According to the SEC, BNY Mellon, with the knowledge and approval of senior management, hired three family members of the Fund Officials as interns. After this occurred, BNY Mellon retained its current business and gained new business with the Fund.
The SEC alleged that the three family members did not have the same academic and professional credentials that were expected for BNY Mellon internship candidates, and they were not expected to stay on as full-time employees at the conclusion of the internship. A BNY Mellon employee in an internal email suggested that hiring the interns was an “expensive favor” as BNY Mellon also paid for the visas to allow the interns to travel from the Middle East to their place of work in the United States or United Kingdom. The SEC further alleged that the interns were “less than exemplary” employees and were accommodated throughout their tenures.
- BNY Mellon’s FCPA Compliance Program
During the relevant time of the SEC’s inquiry, BNY Mellon had an FCPA Compliance Policy and a Code of Conduct, and it provided training to its employees on the obligations under these policies. The SEC alleged that the policies did not adequately address the risks involved in hiring practices, and did not provide additional guidance to address a request for internships by officials from clients. According to the SEC, the human resources department was not properly trained to deal with these potentially problematic hires, and the sales staff and client managers were given wide latitude in hiring decisions. The SEC also alleged that BNY Mellon did not have adequate measures in place to determine whether employees were actually taking the training or understanding its policies.

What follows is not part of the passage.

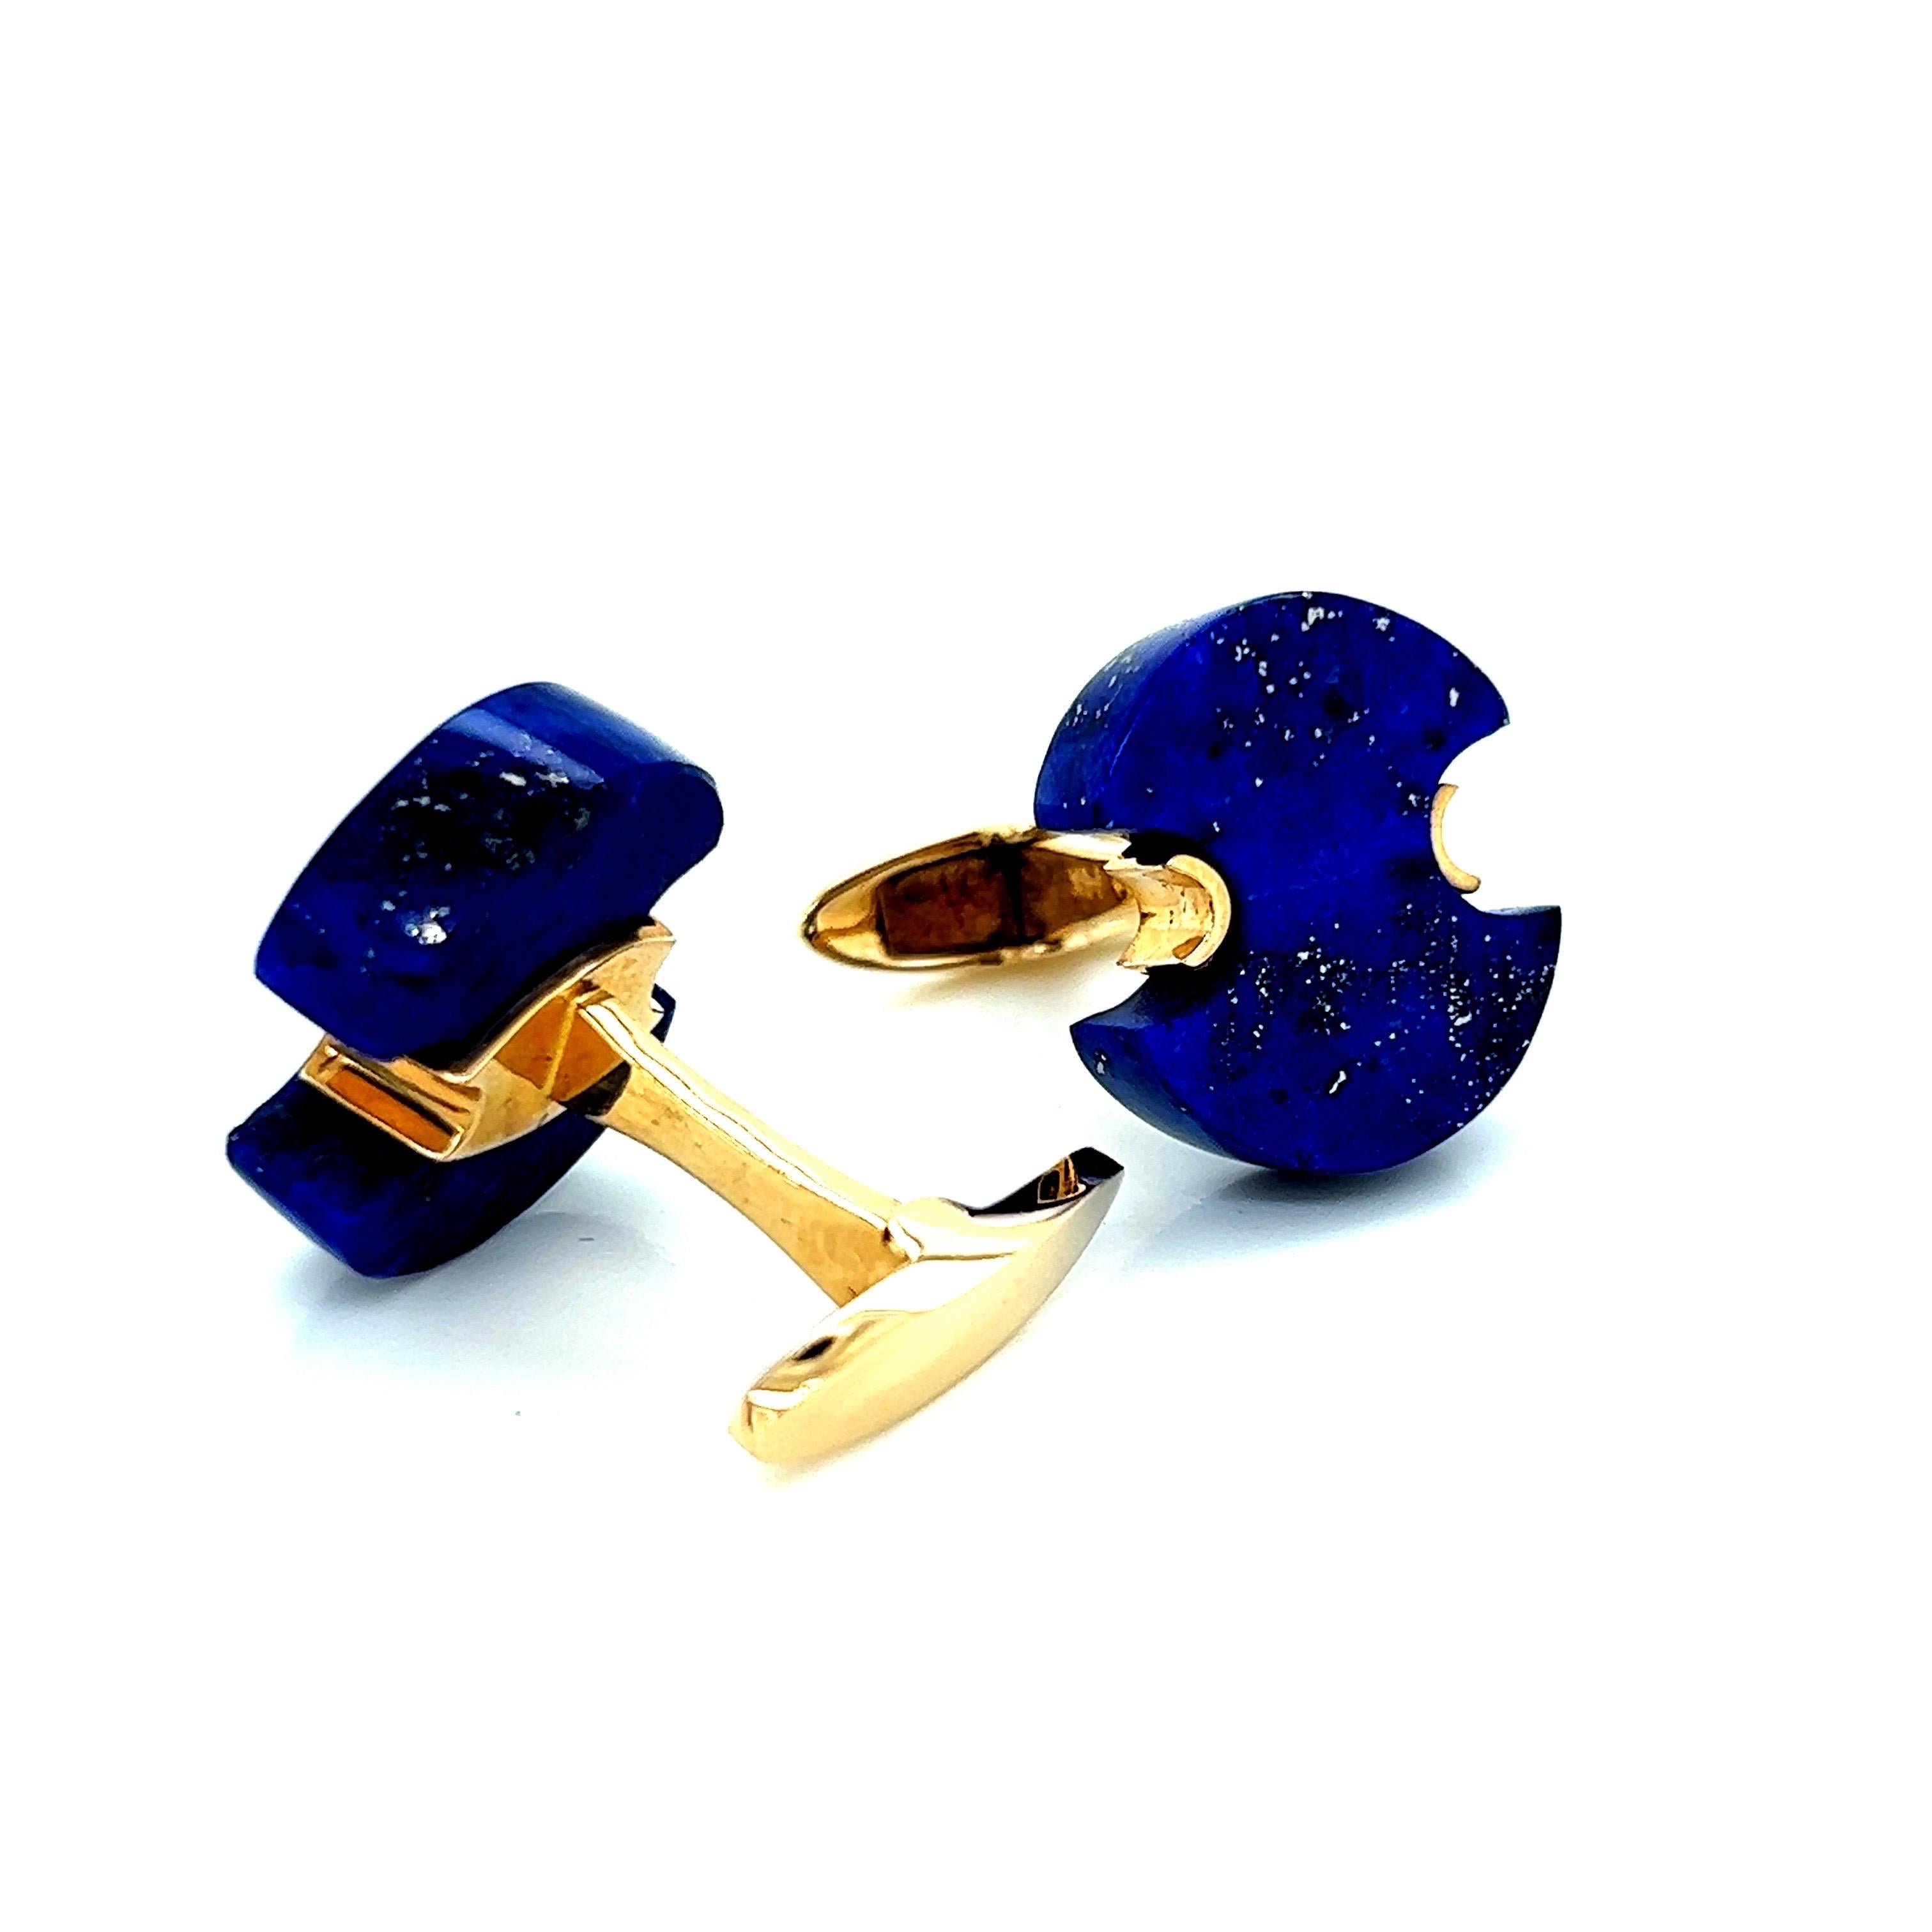 These cufflinks are a timeless and sophisticated piece of jewelry that are perfect for any occasion. They are crafted from 14k yellow gold, a high-quality material that is prized for its durability, strength, and rich color. The gold is carefully

- FCPA Violations and Resolution
According to the SEC, BNY Mellon violated Section 30A of the Securities Exchange Act of 1934 by corruptly providing valuable internships to relatives of the Fund Officials in order to assist BNY Mellon in retaining and obtaining business, and BNY Mellon violated Section 13(b)(2)(B) of the Exchange Act by failing to devise and maintain a system of internal accounting controls sufficient to provide reasonable assurances that its employees were not bribing foreign officials. BNY Mellon agreed to settle the charges with neither admitting nor denying these allegations.
The SEC considered BNY Mellon’s cooperation and its remedial efforts when considering penalties for these violations. Specifically, the SEC stated that BNY Mellon had enhanced anticorruption policies and procedures to address the known deficiencies. The SEC accepted a sanctions offer of $14.8 million – disgorgement of $8.3 million, prejudgment interest of $1.5 million and a civil money penalty in the amount of $5 million.
This case marks the SEC’s first settlement related to the government’s recent interest in sovereign wealth funds, and it confirms the government’s commitment to pursuing FCPA violations in the financial services industry. This case serves as a reminder of the importance of having company FCPA policies and procedures that are tailored to a company’s business with effective internal controls and appropriate training in the implementation of those policies and procedures.